*What the task asks:*
In your copy, each line below is repeated exactly and no image appears.

======== Data segment

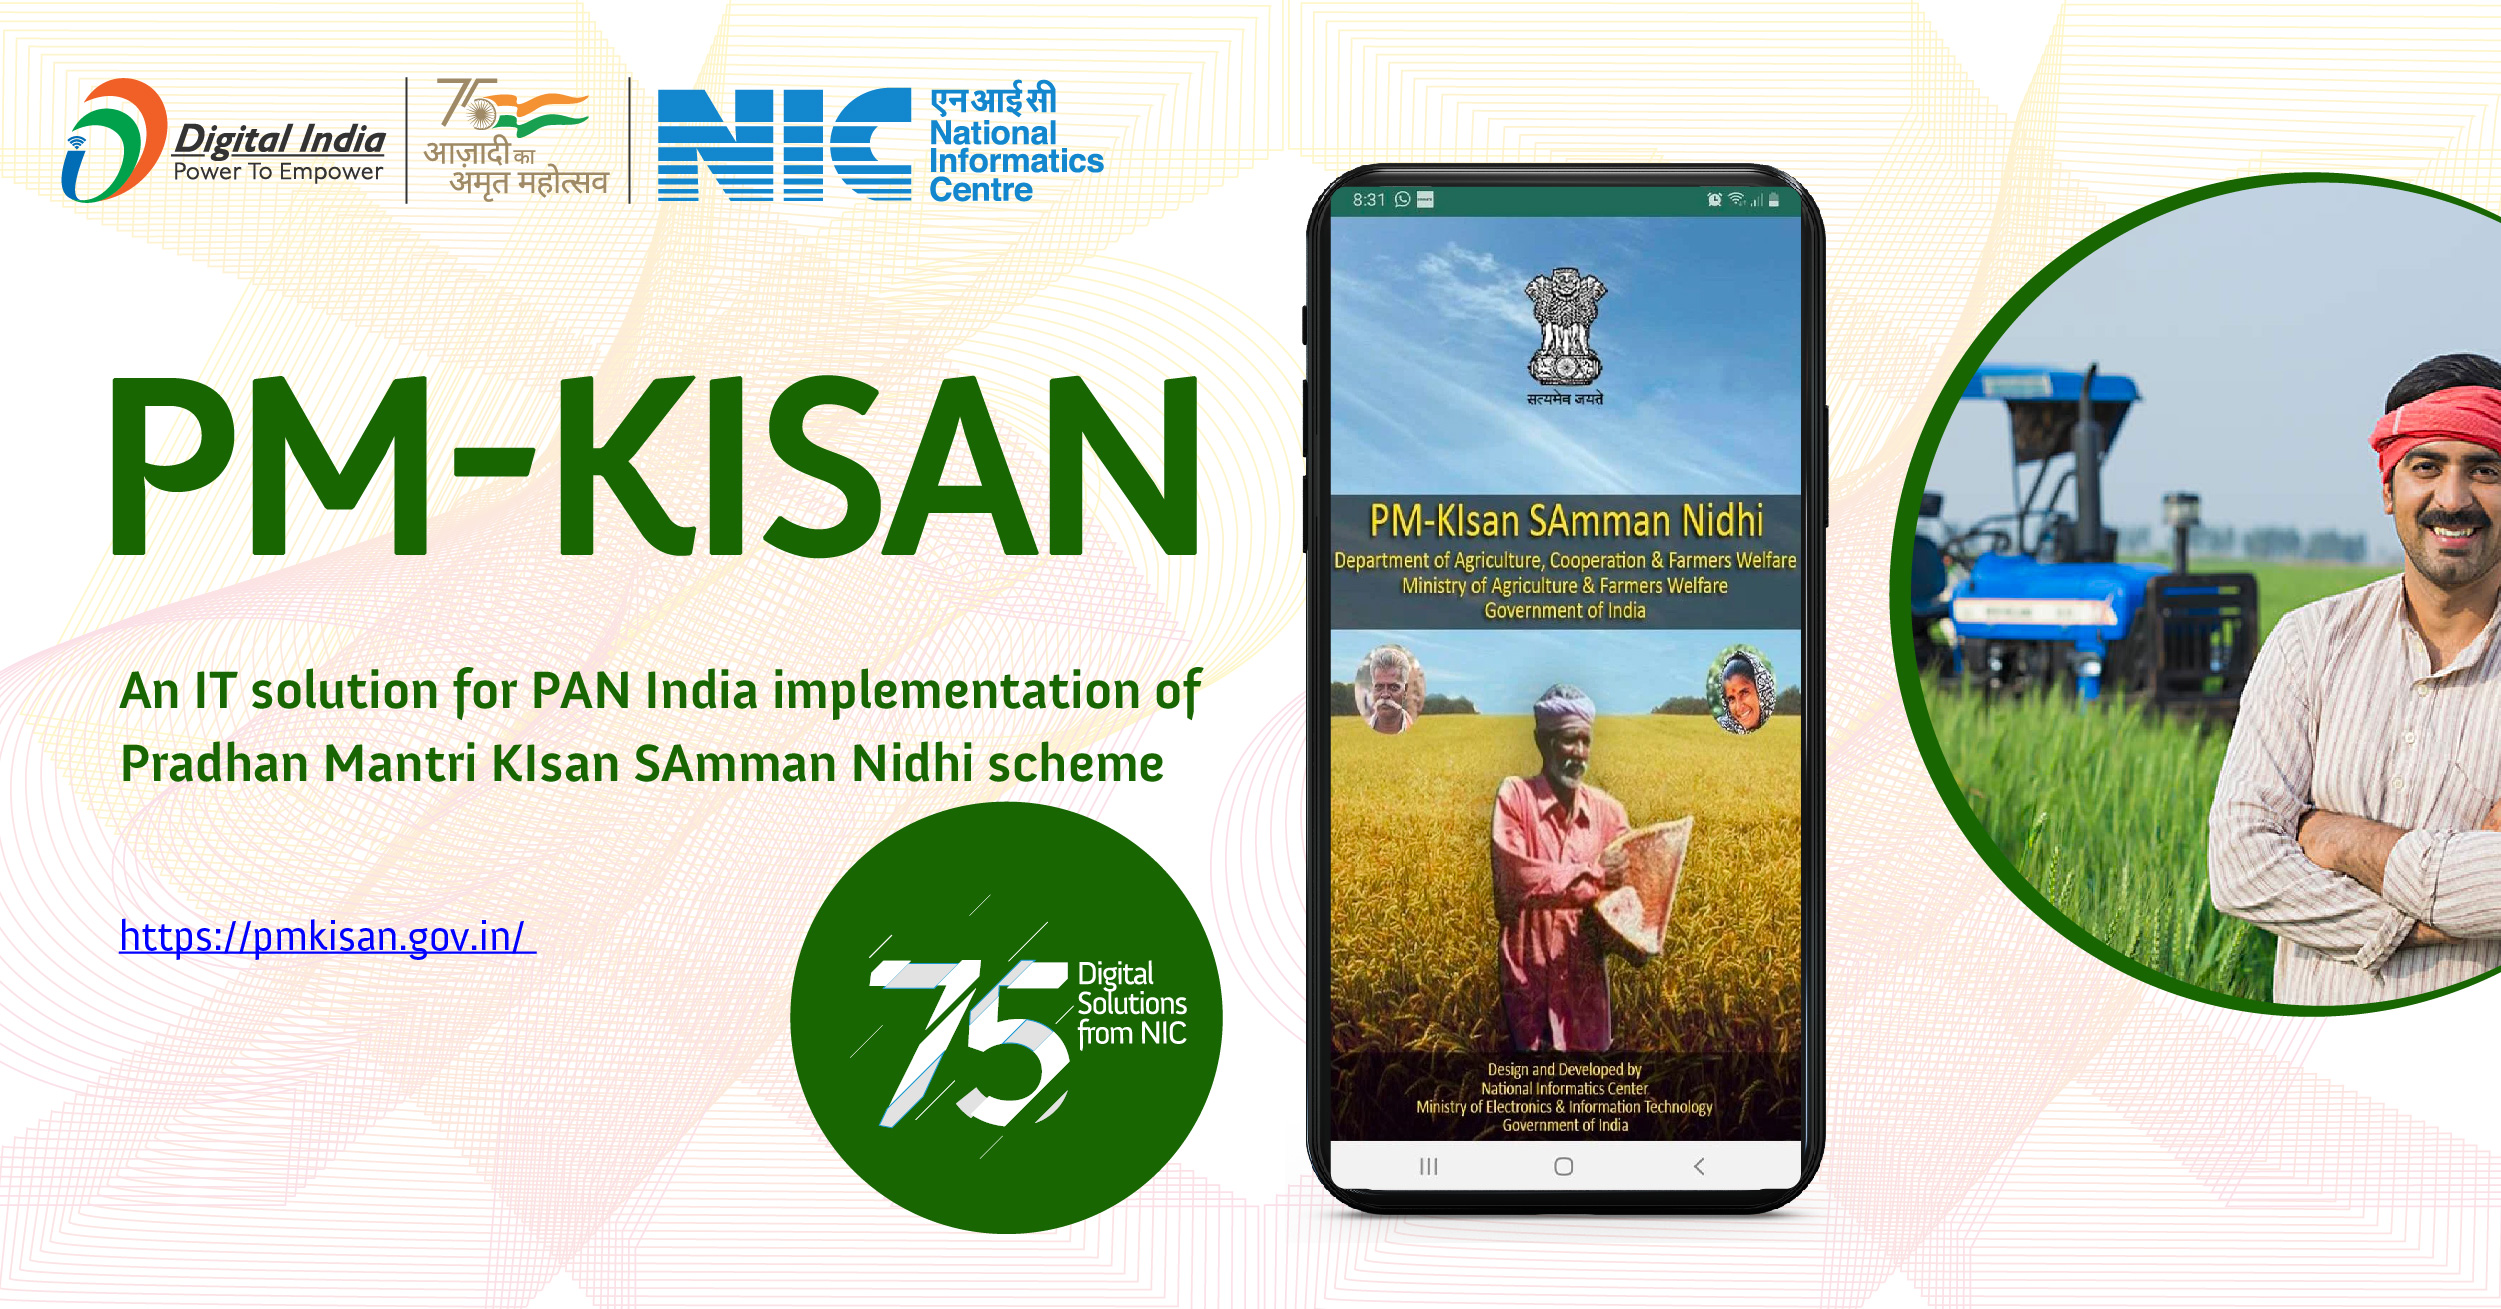 PMKisan - PMKisan योजना के तहत किसानों के खातों में सीधे धन हस्तांतरित करने के लिए एक एंड-टू-एंड प्रौद्योगिकी समाधान
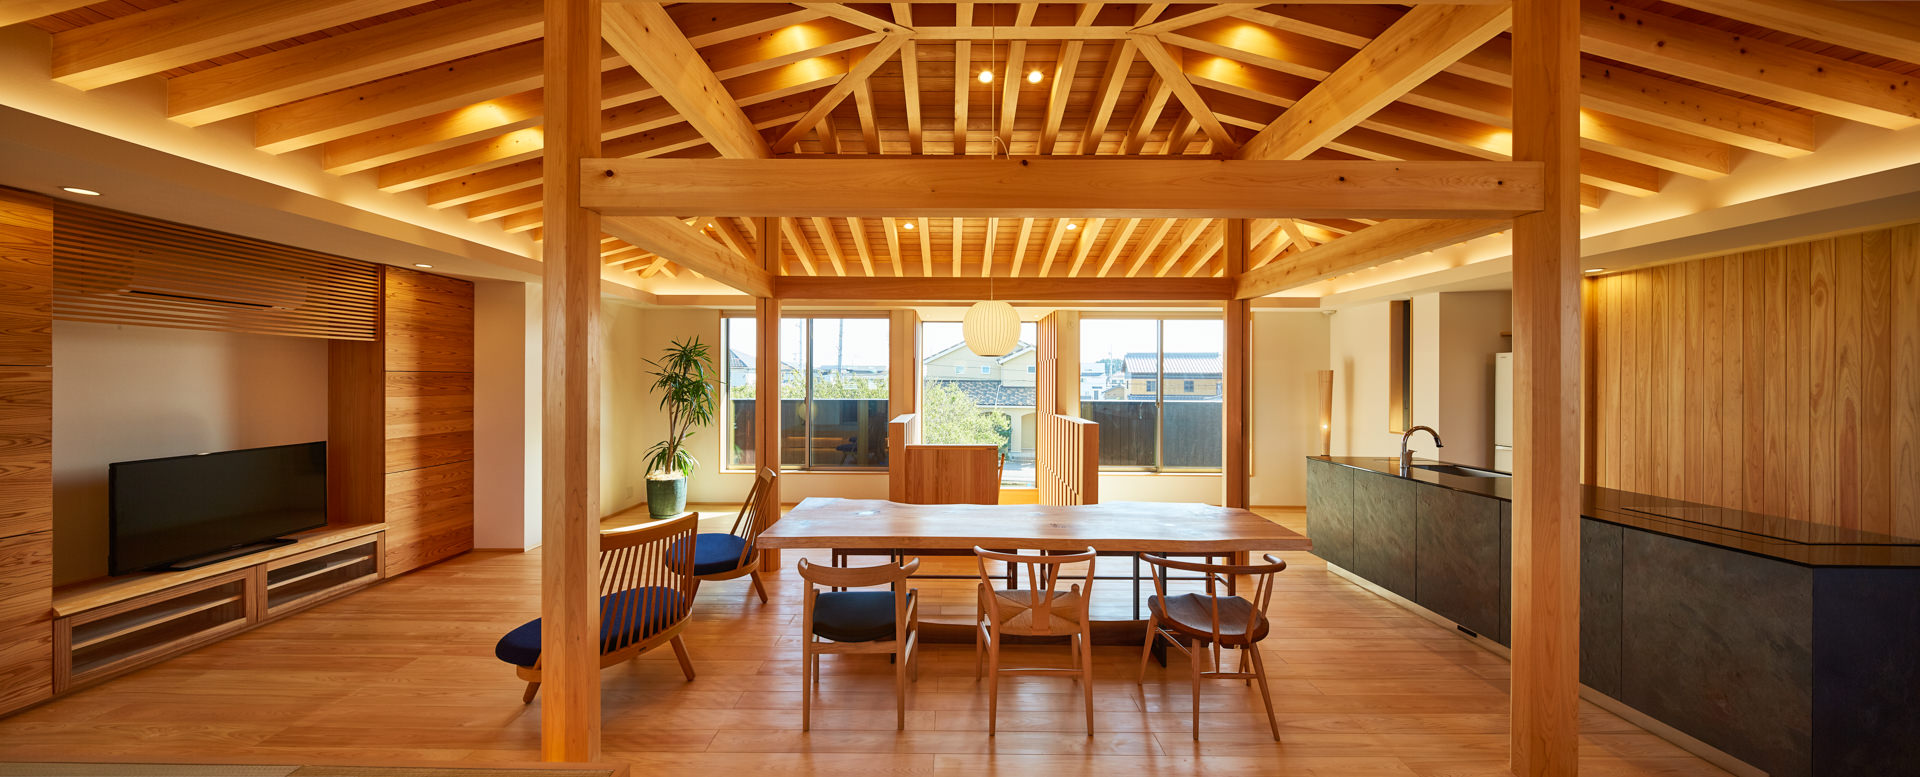 WEB建築サイトｈｏｍｉｆｙに「桑原木材の家」が掲載されました 記事：圧倒的な木素材の美しさと温もりのある木の家
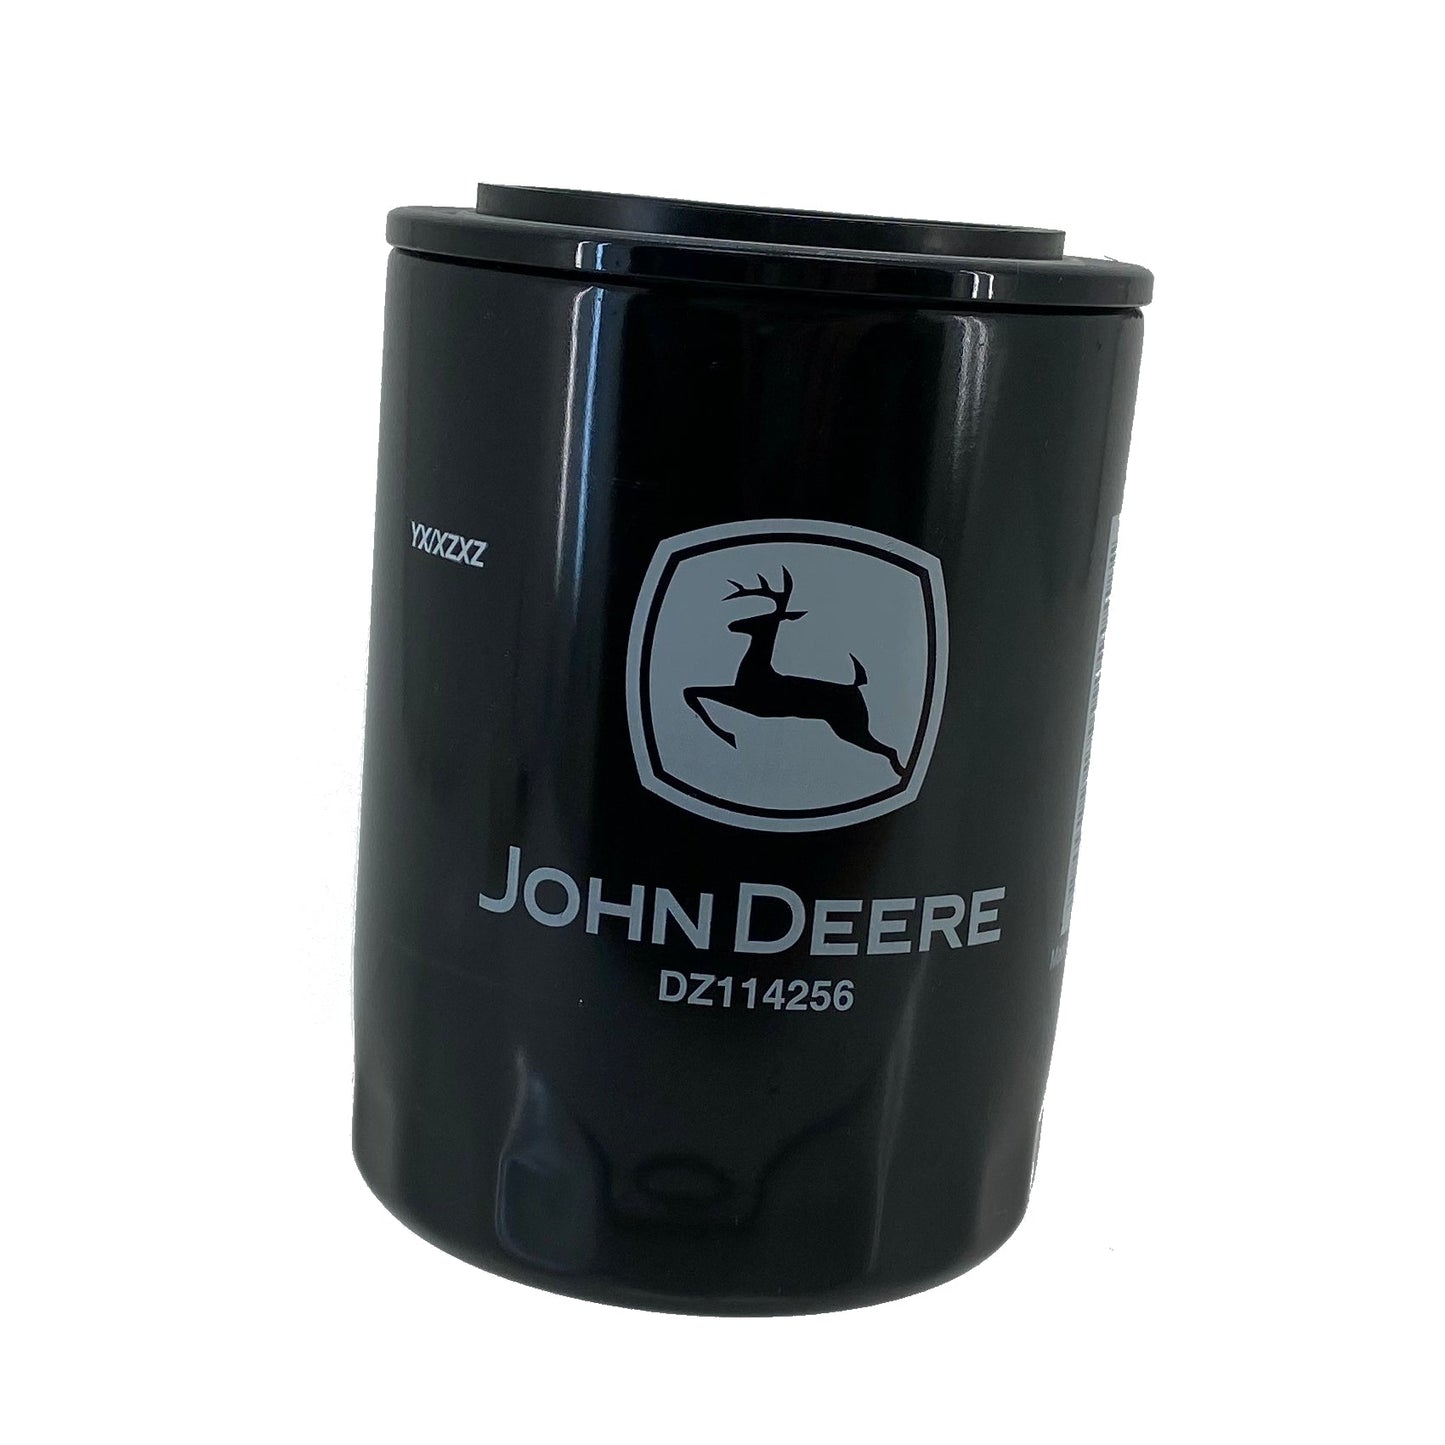 John Deere Original Equipment Oil Filter - DZ114256 – AGNLAWN.com

================

*Written answer:*
 PMKisan - PMKisan योजना के तहत किसानों के खातों में सीधे धन हस्तांतरित करने के लिए एक एंड-टू-एंड प्रौद्योगिकी समाधान
 WEB建築サイトｈｏｍｉｆｙに「桑原木材の家」が掲載されました 記事：圧倒的な木素材の美しさと温もりのある木の家
 John Deere Original Equipment Oil Filter - DZ114256 – AGNLAWN.com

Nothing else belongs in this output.